Though Nomura’s latest publication builds on a body of research showing that stress on pregnant women affects their babies, the new study is a small one. And Newcorn cautioned parents not to worry unduly, despite the increased risk of disturbances found among children exposed to Sandy in the womb.

“When you can see the rates in the exposed versus unexposed groups, they’re a lot higher in the exposed group, but most people don’t have any of these things,” he said.

Nomura said the last thing parents should do is blame themselves. “Blame is still really toxic,” she said. We can’t control Mother Nature, but we can be attuned to our children’s development.

“Early detection and early intervention is a key for a better future,” she added. She told The Washington Post’s Caitlin Gibson that she wanted to continue to follow this group of children through their adolescence: “We are going to have to follow those kids to see how the manifestation of these disorders is going to present.”

In any case, Nomura doesn’t want the takeaway to be that the onus is solely on parents, early childhood educators, child therapists and paediatricians for repair or prevention of psychological damage to children caused by natural disasters.

To have a healthy society, we can’t just focus on individuals, she said. “Policymakers really have to invest in communities for children and pregnant women.”

That same policy emphasis should apply to the effects on children in utero and children affected by natural disasters after they’re born, especially when it comes to the most vulnerable communities, which is something our country has not been particularly good at over the past few decades, as storms have increased in frequency and power.

When a storm hits, most people who interact with children regularly “are dealing with acute cases,” Nomura said. “But then, years later, we forget about it.
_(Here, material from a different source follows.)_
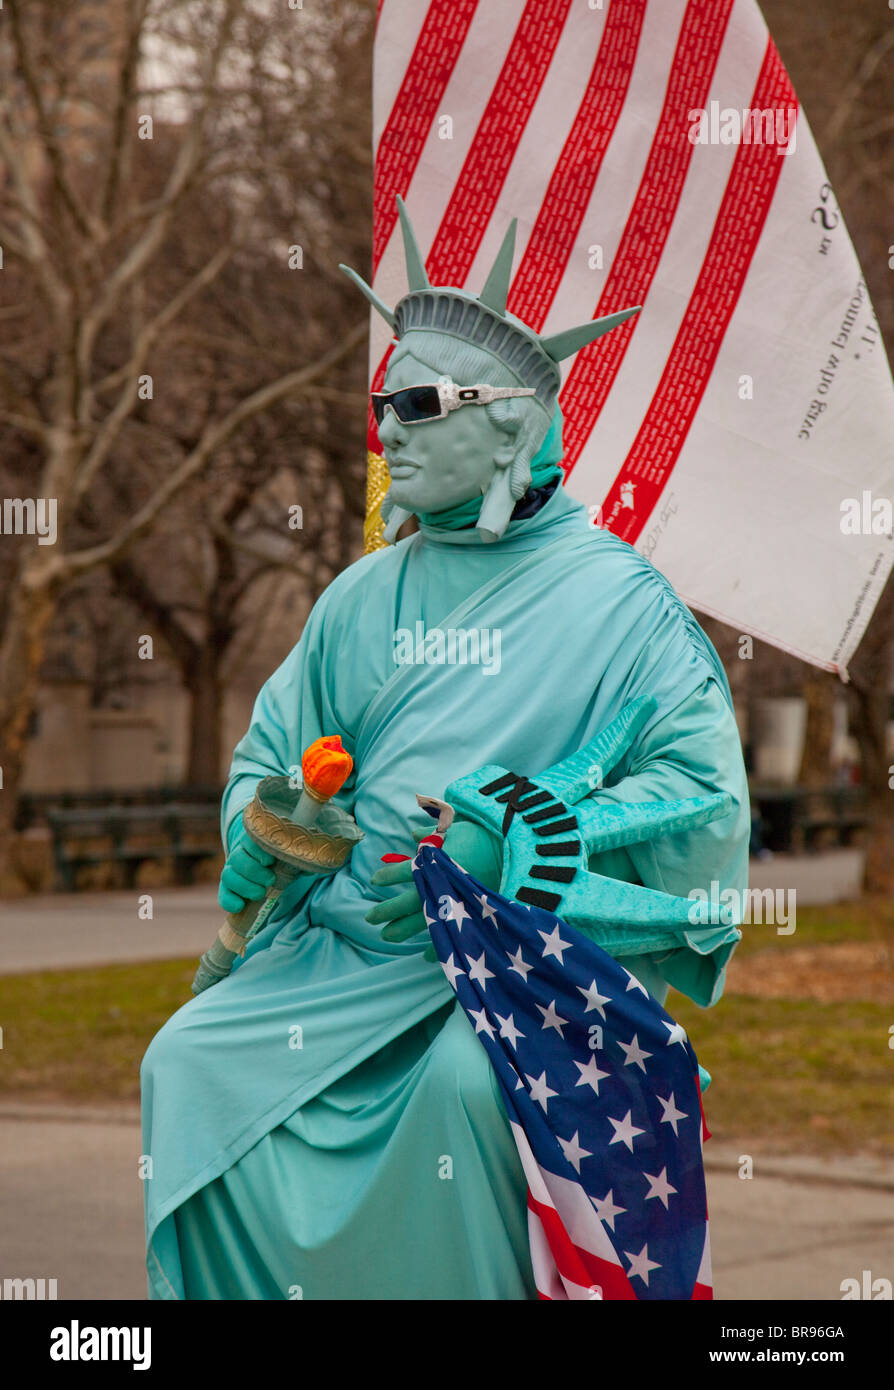 Mann in der New Yorker Freiheitsstatue Kostüm Stockfotografie - Alamy

That long-term impact must be supported by policymakers.”

In September, Dauté Martin, who was 5 when Hurricane Katrina devastated New Orleans, wrote a guest essay for The Times about the ways in which the city and many of its residents are still reeling. She talks about watching the HBO documentary “Katrina Babies,” about Black children who lived through the 2005 storm, and the film’s revelation that those children never really felt safe after that trauma, even into young adulthood — including her.

The burden cannot be on any individual to fix a problem that, as Flowers points out, is deep and, at this point, at the center of overlapping crises.

While, yes, we can ask for increased screening of children who are exposed to natural disasters in utero, that feels like putting a Band-Aid on a deep wound. It’s an inadequate fix to a problem that will cascade over our lives, and our children’s lives, for years to come.